一旦定义完CRD,我们就可以将其安装到k8s中:

$make install
/home/tonybai/test/go/operator/kubebuilder/webserver-operator/bin/controller-gen rbac:roleName=manager-role crd webhook paths="./..." output:crd:artifacts:config=config/crd/bases
test -s /home/tonybai/test/go/operator/kubebuilder/webserver-operator/bin/kustomize || { curl -s "https://raw.githubusercontent.com/kubernetes-sigs/kustomize/master/hack/install_kustomize.sh" | bash -s -- 3.8.7 /home/tonybai/test/go/operator/kubebuilder/webserver-operator/bin; }
{Version:kustomize/v3.8.7 GitCommit:ad092cc7a91c07fdf63a2e4b7f13fa588a39af4f BuildDate:2020-11-11T23:14:14Z GoOs:linux GoArch:amd64}
kustomize installed to /home/tonybai/test/go/operator/kubebuilder/webserver-operator/bin/kustomize
/home/tonybai/test/go/operator/kubebuilder/webserver-operator/bin/kustomize build config/crd | kubectl apply -f -
customresourcedefinition.apiextensions.k8s.io/webservers.my.domain created

检查安装情况:

$kubectl get crd|grep webservers
webservers.my.domain                                             2022-08-06T21:55:45Z

6. 修改role.yaml

在开始controller开发之前,我们先来为controller后续的运行“铺平道路”,即设置好相应权限。

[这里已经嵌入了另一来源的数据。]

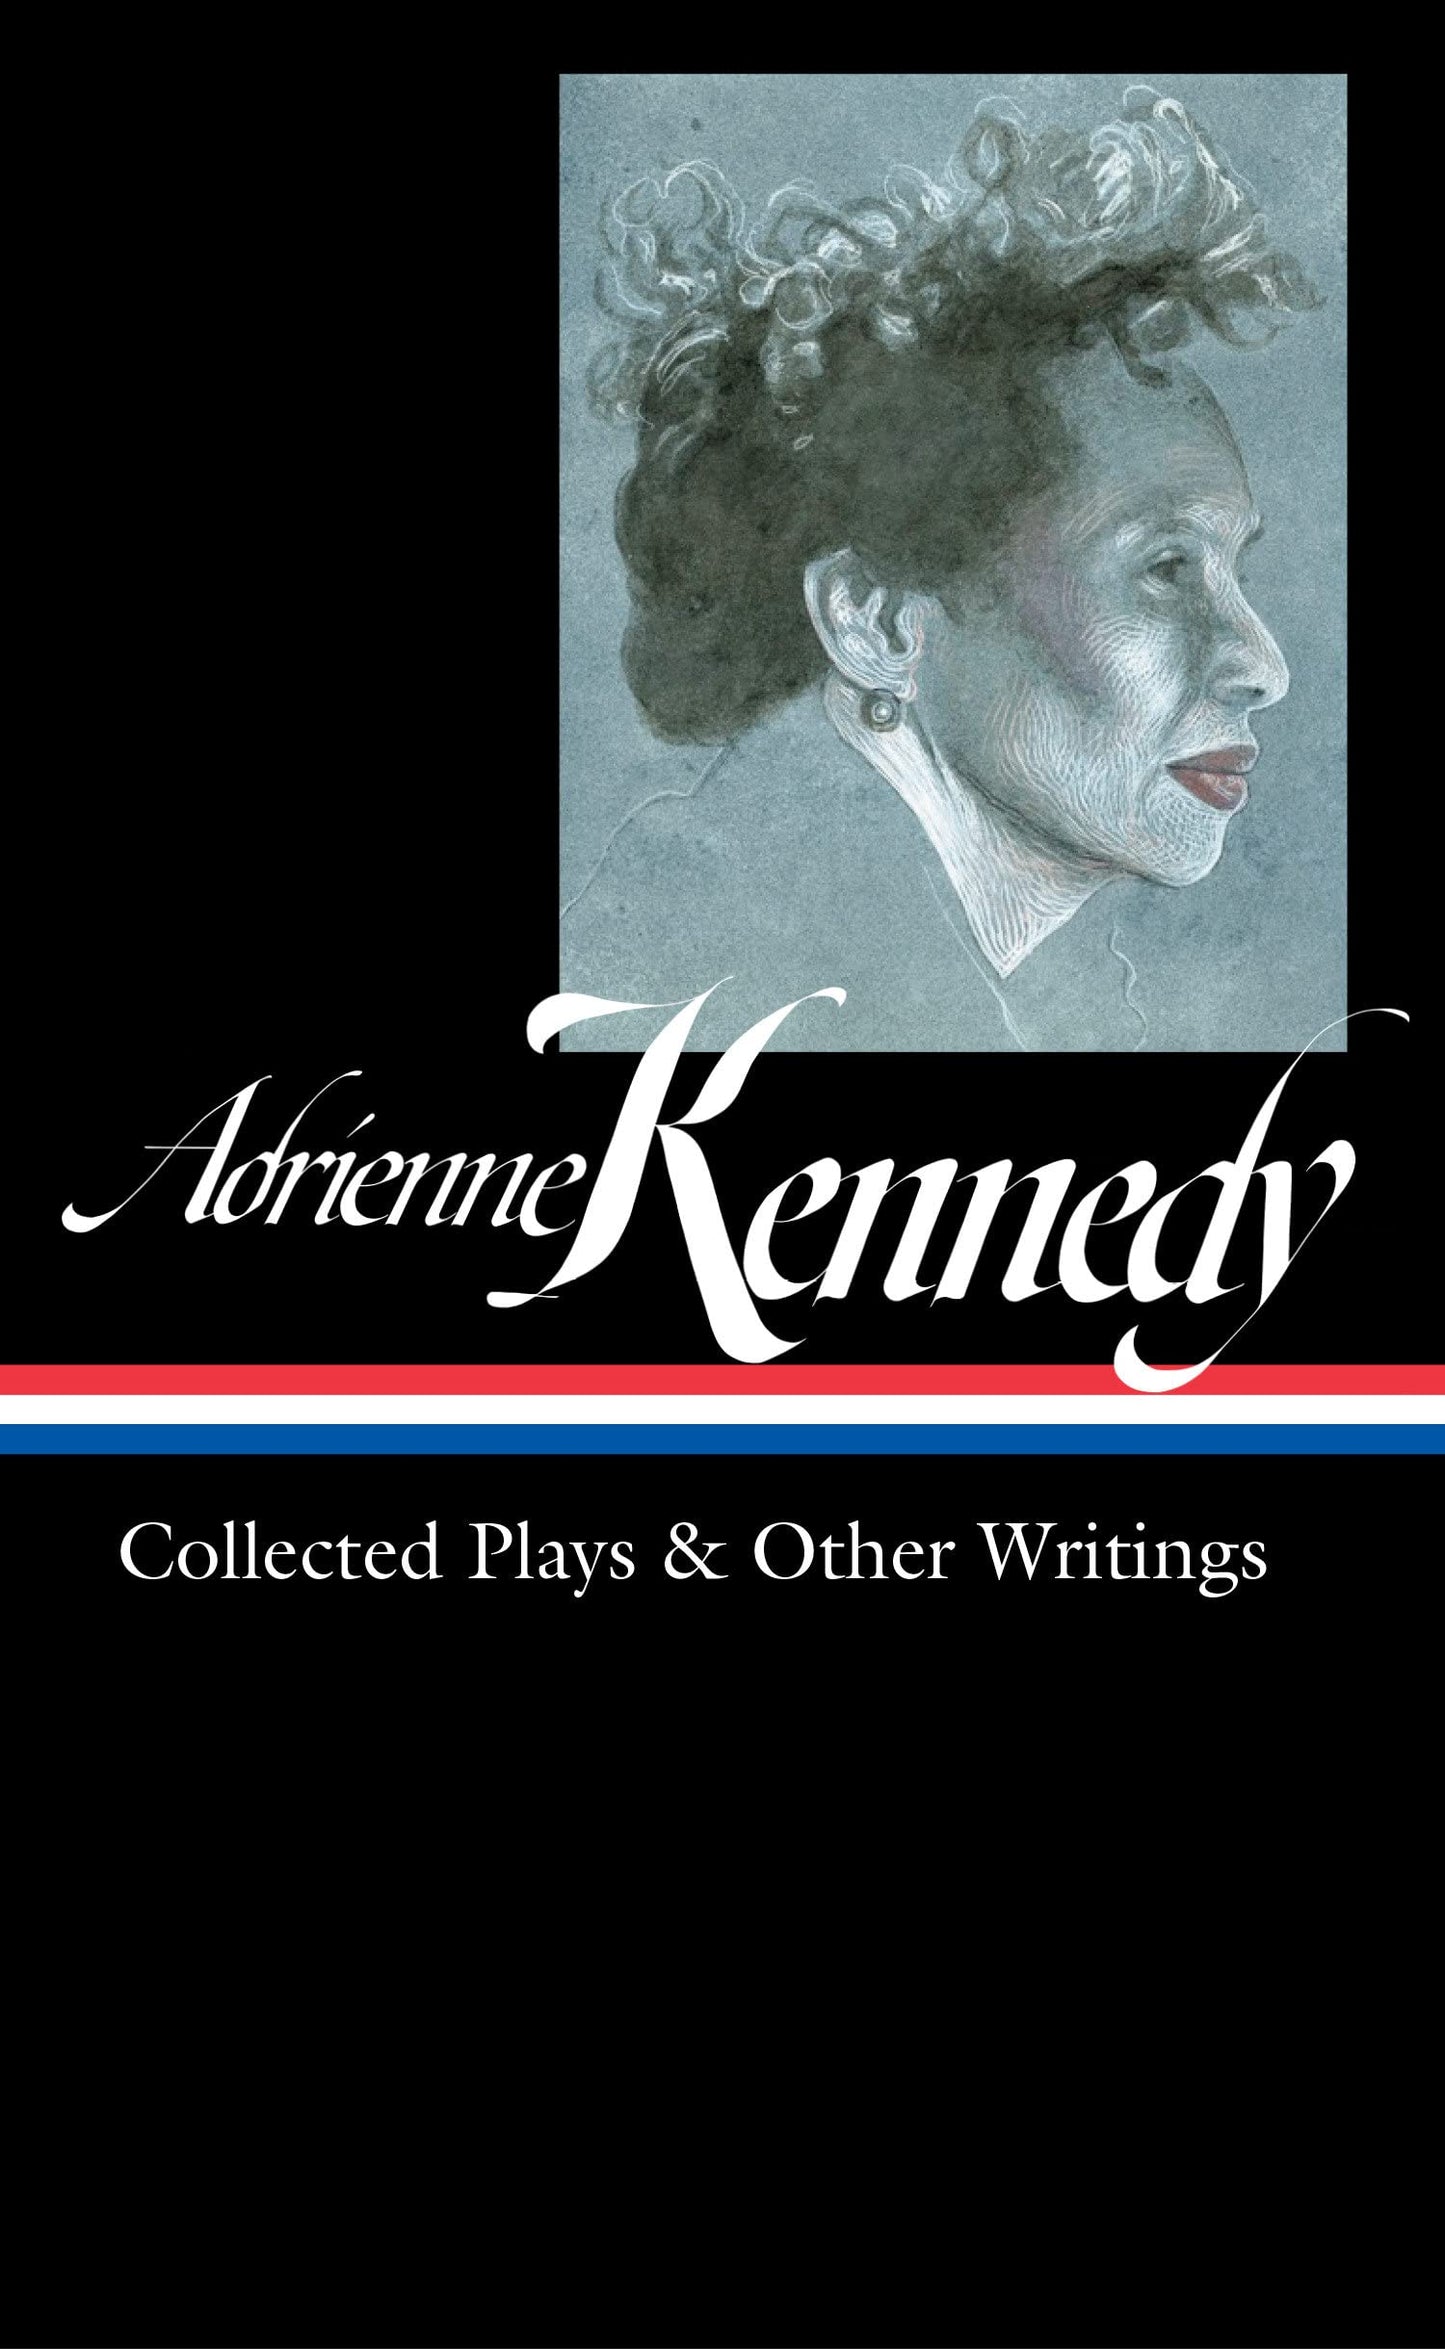 Adrienne Kennedy // Collected Plays & Other Writings
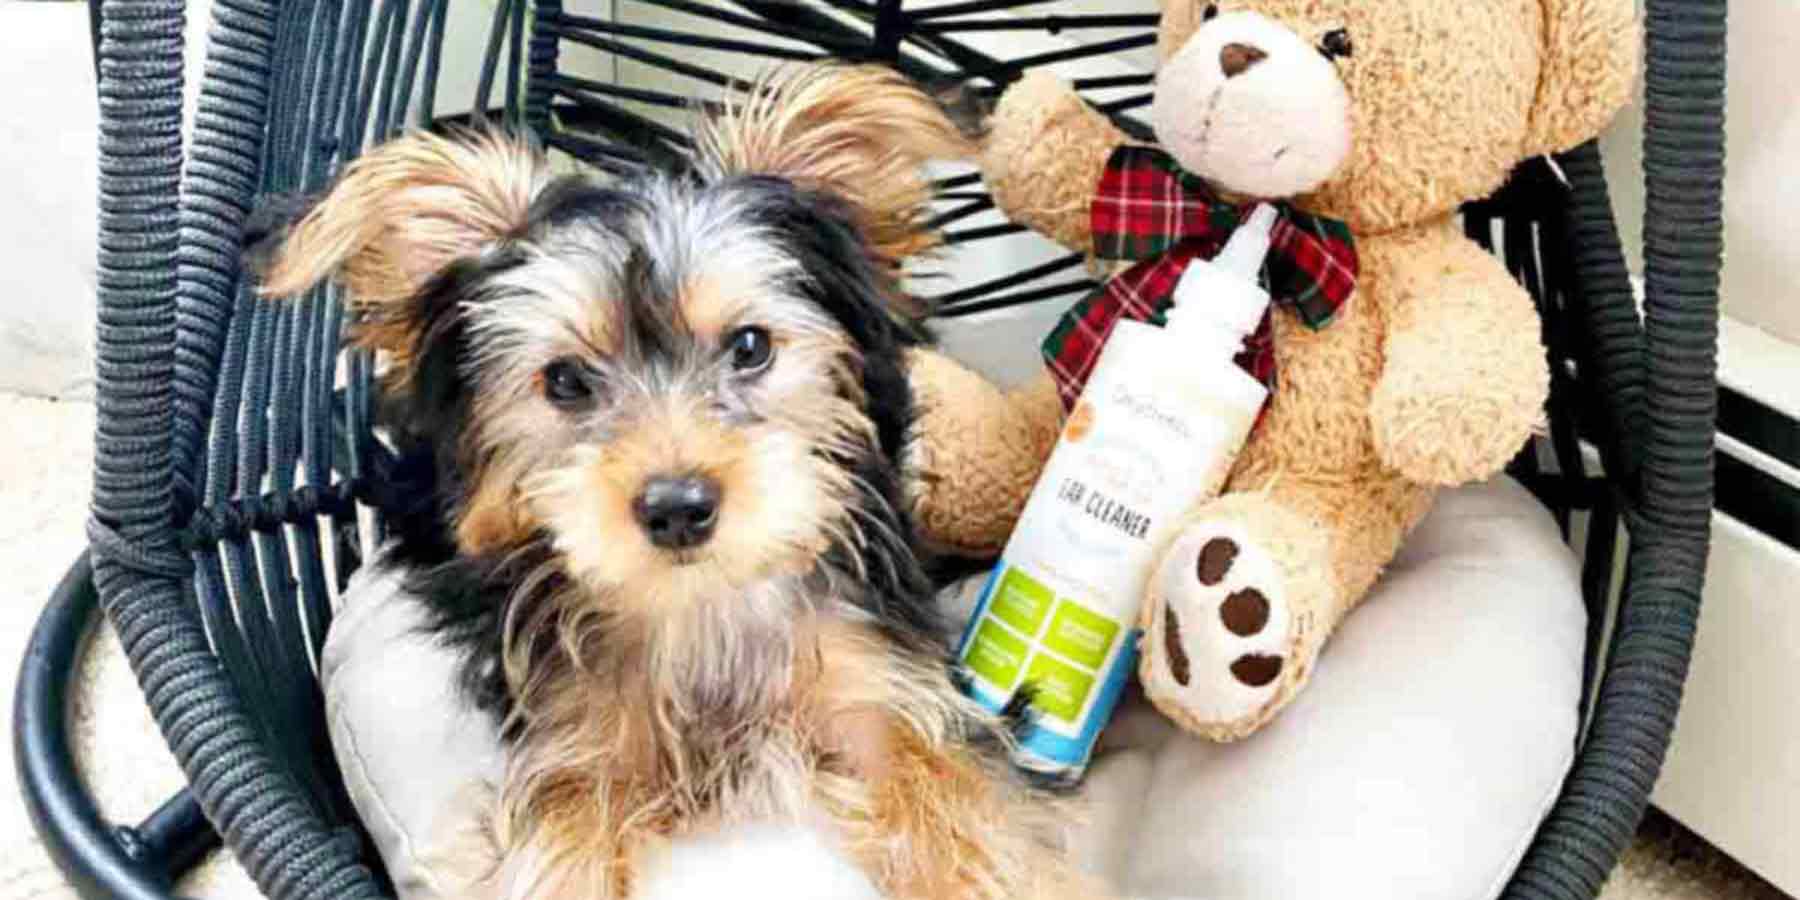 Social-Media-Post-From-Instagram-User-_ZBedgine-terrier-on-swing-next-to-bottle-of-oxyfresh-dog-ear-cleaner-for-stinky-ear-and-wax-dirt-removal

我们在controller中会为CRD实例创建对应deployment和service,这样就要求controller有操作deployments和services的权限,这样就需要我们修改role.yaml,增加service account: controller-manager 操作deployments和services的权限:

// config/rbac/role.yaml
---
apiVersion: rbac.authorization.k8s.io/v1
kind: ClusterRole
metadata:
  creationTimestamp: null
  name: manager-role
rules:
- apiGroups:
  - my.domain
  resources:
  - webservers
  verbs:
  - create
  - delete
  - get
  - list
  - patch
  - update
  - watch
- apiGroups:
  - my.domain
  resources:
  - webservers/finalizers
  verbs:
  - update
- apiGroups:
  - my.domain
  resources:
  - webservers/status
  verbs:
  - get
  - patch
  - update
- apiGroups:
  - apps
  resources:
  - deployments
  verbs:
  - create
  - delete
  - get
  - list
  - patch
  - update
  - watch
- apiGroups:
  - apps
  - ""
  resources:
  - services
  verbs:
  - create
  - delete
  - get
  - list
  - patch
  - update
  - watch

修改后的role.yaml先放在这里,后续与controller一并部署到k8s上。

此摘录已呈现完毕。